Toback implores that to fully address labor injustice, activists must explicitly combat systemic racism. For The Workers Circle, this includes campaigning for voting rights protections, organizing with immigrant farmworkers, and participating in the Green Light NY campaign, which helped ensure equal access to driver’s licenses for all residents of New York State, regardless of immigration status. “Just as our early founders organized for their rights and in solidarity with other immigrant workers, we must continue that tradition today,” says Toback.

Of course, the Jewish labor movement is bigger than just the more well-known history of white, socialist, Yiddish-speaking immigrants in major cities. Organizations such as the Jewish Council on Urban Affairs and the Jews of Color Initiative are working to amplify the work of Jews of Color across the U.S. and more deeply integrate racial justice into the Jewish fight for labor and social justice.
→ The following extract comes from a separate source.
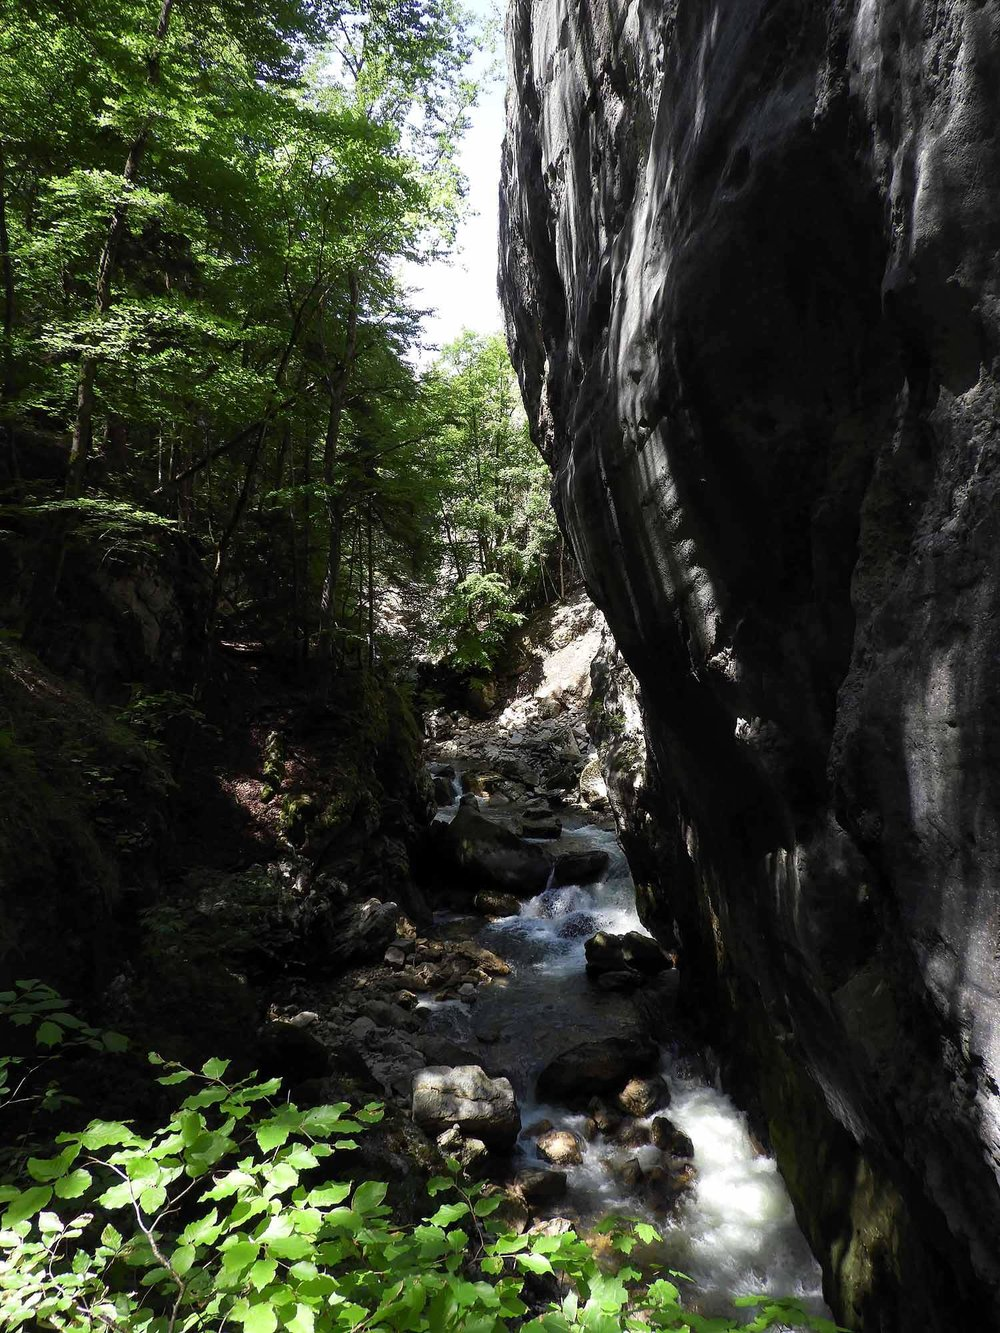 switzerland-saut-pont-brot-hike-walk-hiking-steep-ravine.JPG

In Pirkei Avot, a traditional Jewish book of wisdom and ethics, Rabbi Tarfon wrote, “Faithful is your employer to pay you the reward of your labor.” Jews of every race, locality, and religiosity share the obligation to advocate for the reward of their labor, and fight to ensure others are rewarded theirs.

The Workers Circle offers the following five ways anyone can support labor justice, in Bessemer, Alabama and beyond:

1. The single most important thing we can do is follow the leadership of workers who are organizing and respond to their calls to action. Our role is to get ready to bring our voice and our power to buttress that of the workers’. This includes supporting efforts in-person when organizers ask for it, as well as boosting information from official sources on social media.

2. Respect strikes. Don’t cross picket lines. And when you see picketers, make connections; ask workers what their protest or strike is about and how you can support them.

3. Harness your power as a consumer. Workers may ask you to boycott certain businesses and spend at others. Let your dollars do the talking and purchase in accordance with your values.

4. Support elected officials whose legislative agenda favors unions, universal childcare, universal healthcare, and a living wage. These policies uplift all workers.

5. If you are fortunate to belong to a union, become an active participant. Pay your dues! Attend meetings! Get involved!

“When consumers and workers partner, we can amass the power we need to win the labor advances we must have,” Toback tells Alma. Jews of all backgrounds have championed labor rights since the beginning, and that imperative must continue today.

Jason Flatt

Jason Flatt (he/him) is an educator working with music, food, and writing to strengthen communities and invite justice. When he’s not laboring over what to write in his bio, he’s probably playing a different game of “on the other hand” that would put even Tevye the Dairyman to shame.